Exercise data ::
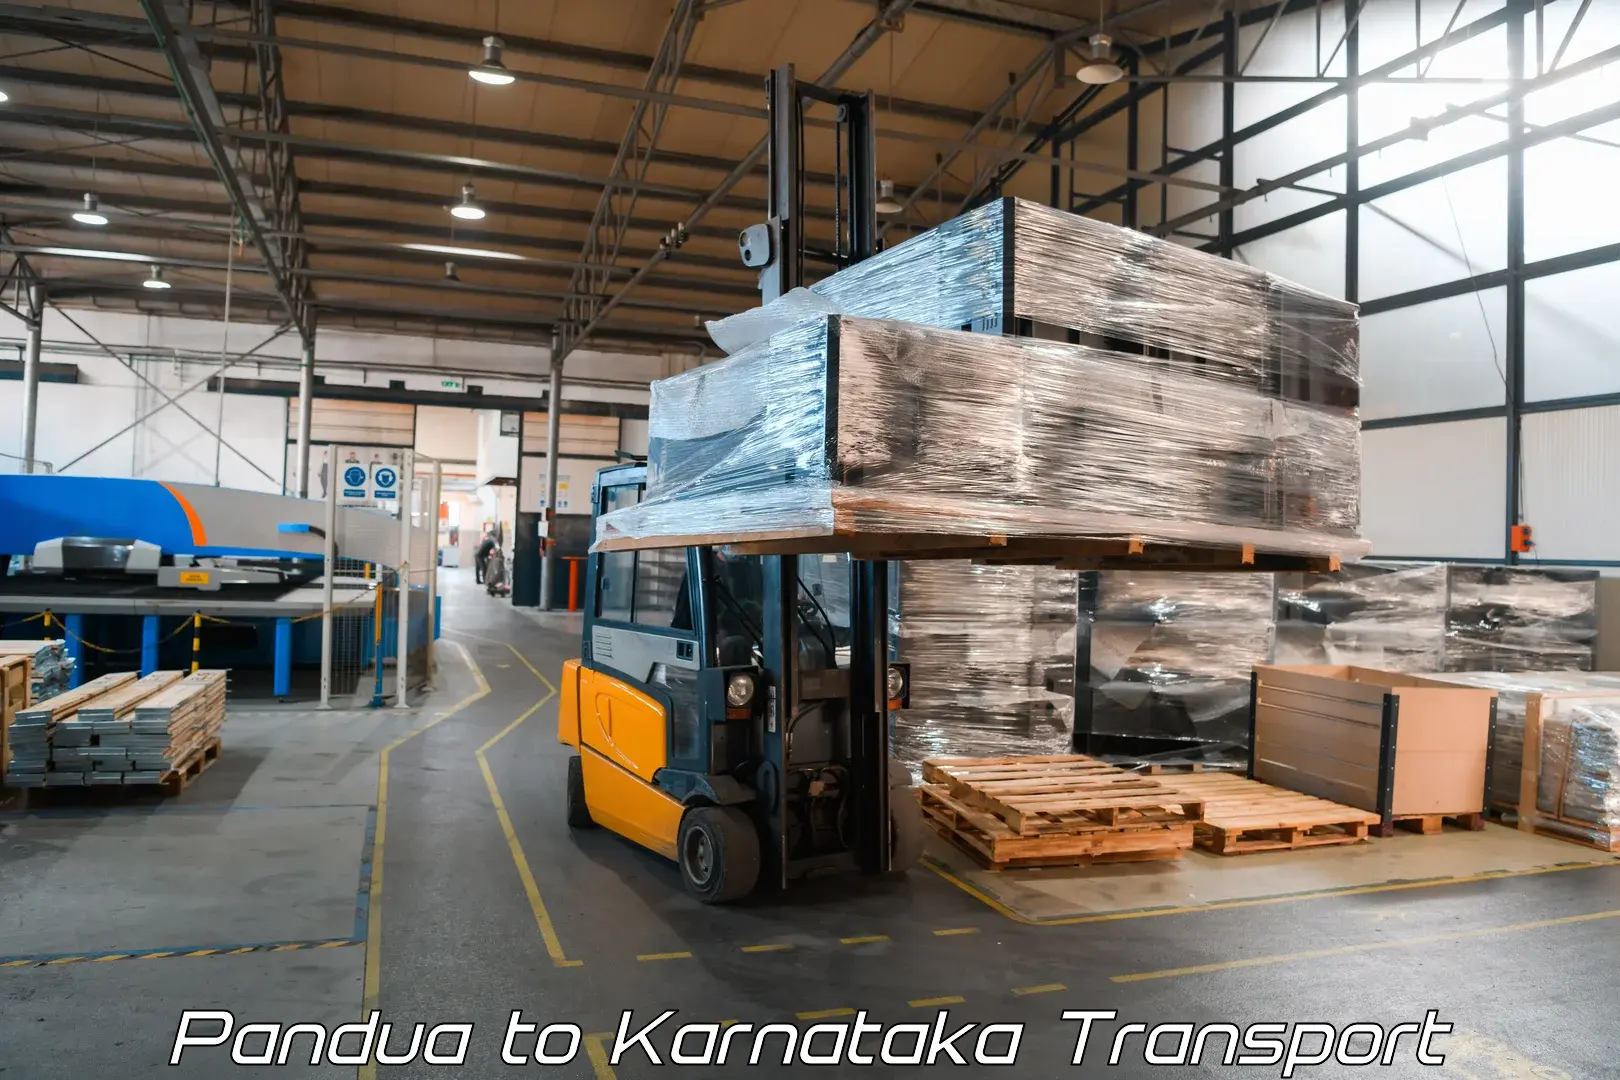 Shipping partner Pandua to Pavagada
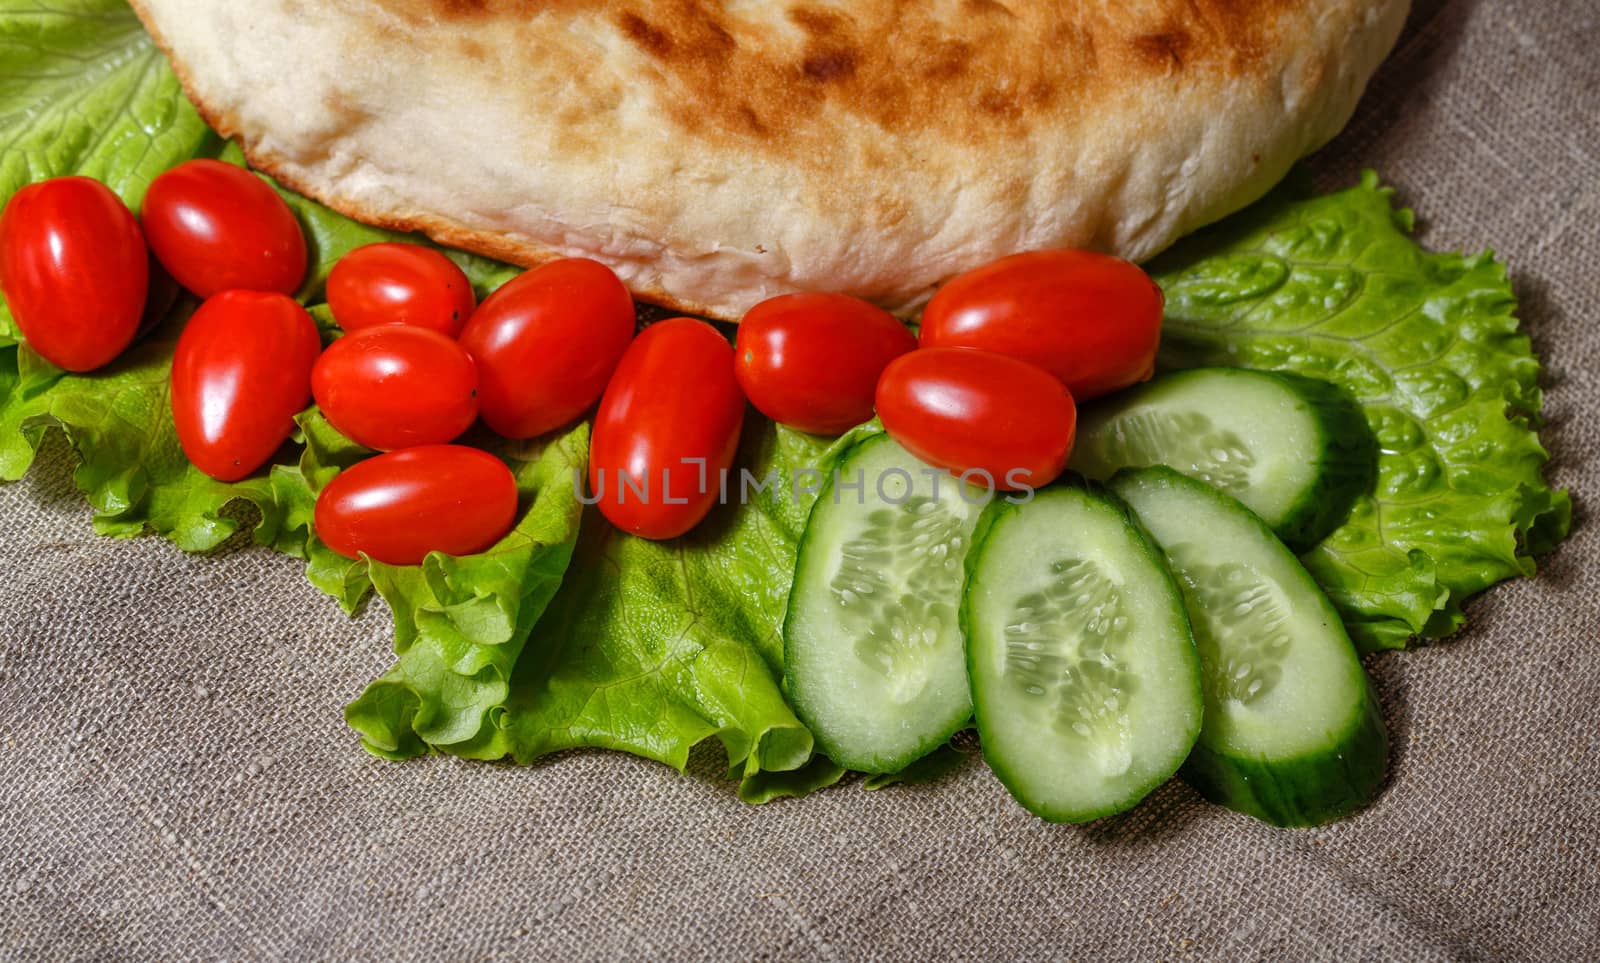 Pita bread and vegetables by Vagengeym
--
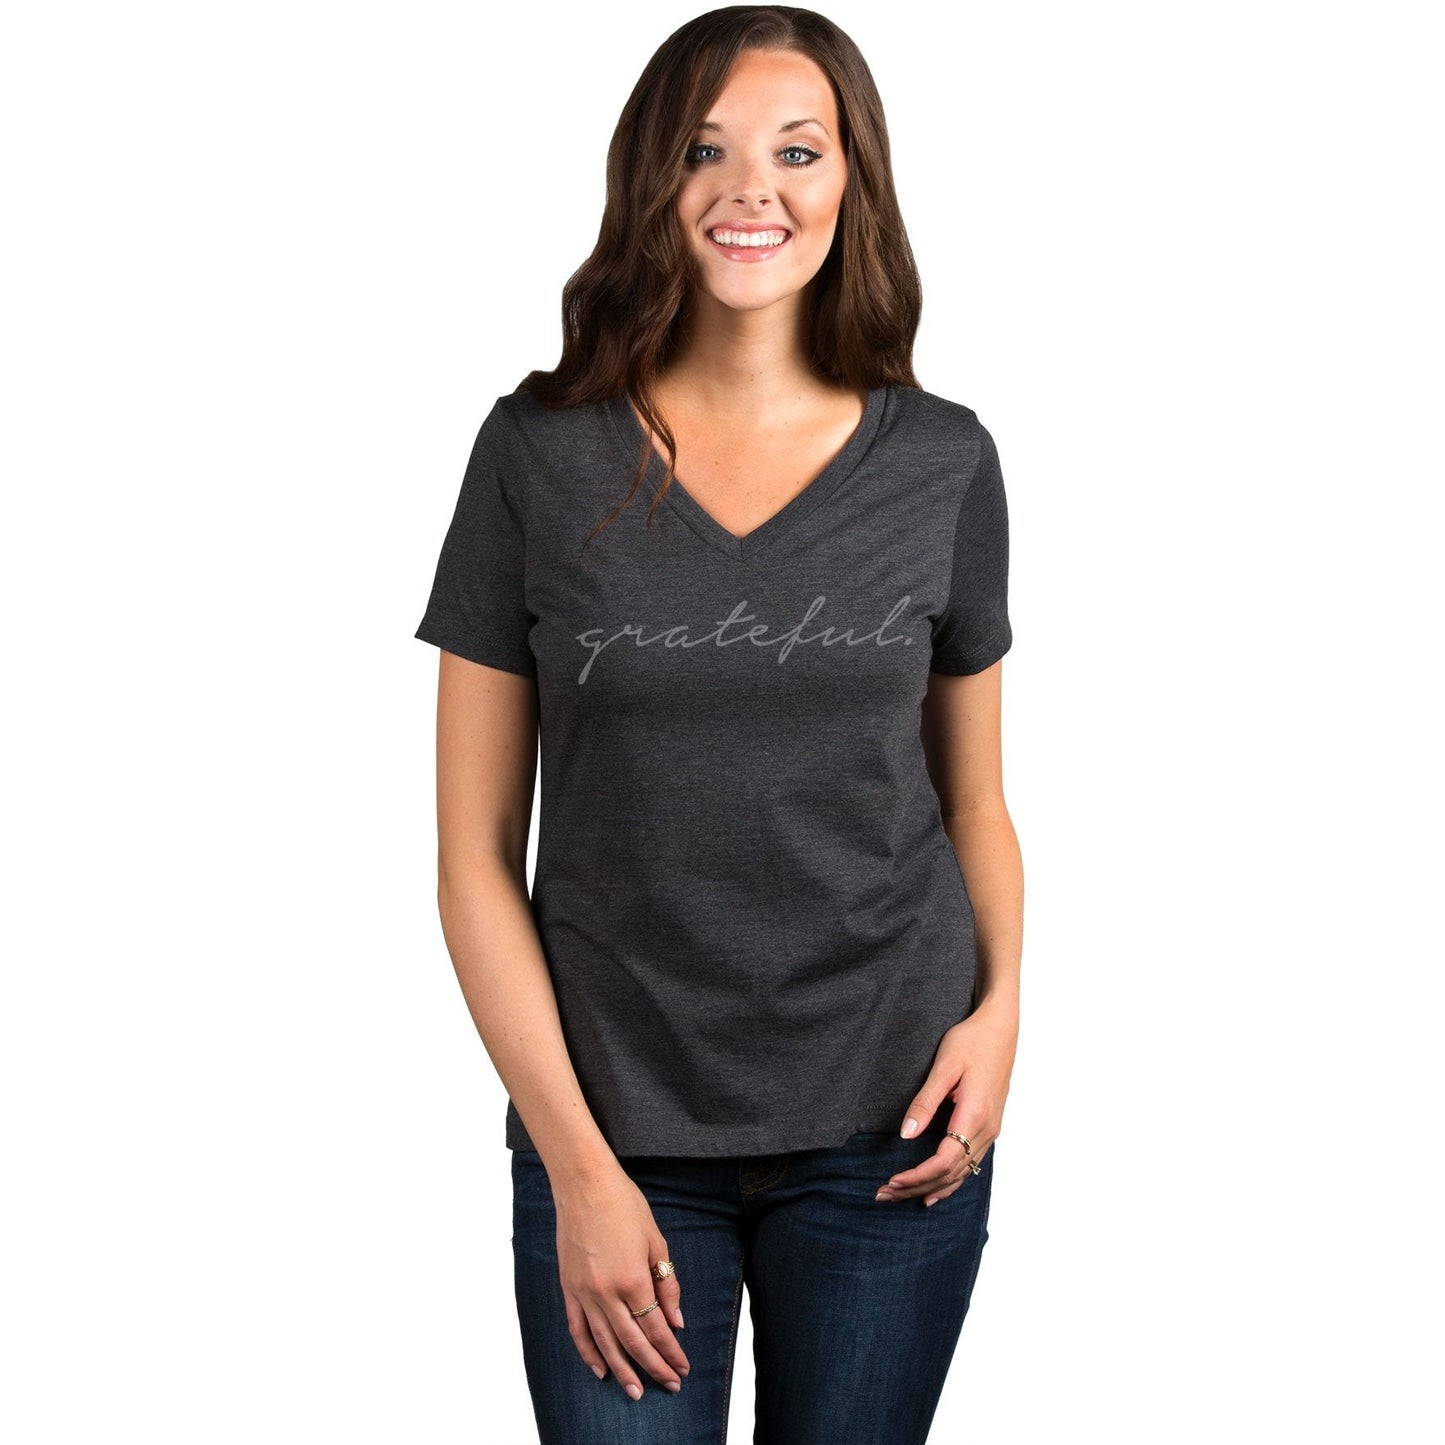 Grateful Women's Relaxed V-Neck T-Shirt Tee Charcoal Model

Exercise prompt :: Everything between and including the line above containing "Shipping partner Pandua to Pavagada" and the line containing "Pita bread and vegetables by Vagengeym" should be reproduced exactly, with pictures excluded.

Solution to this task ::
 Shipping partner Pandua to Pavagada
 Pita bread and vegetables by Vagengeym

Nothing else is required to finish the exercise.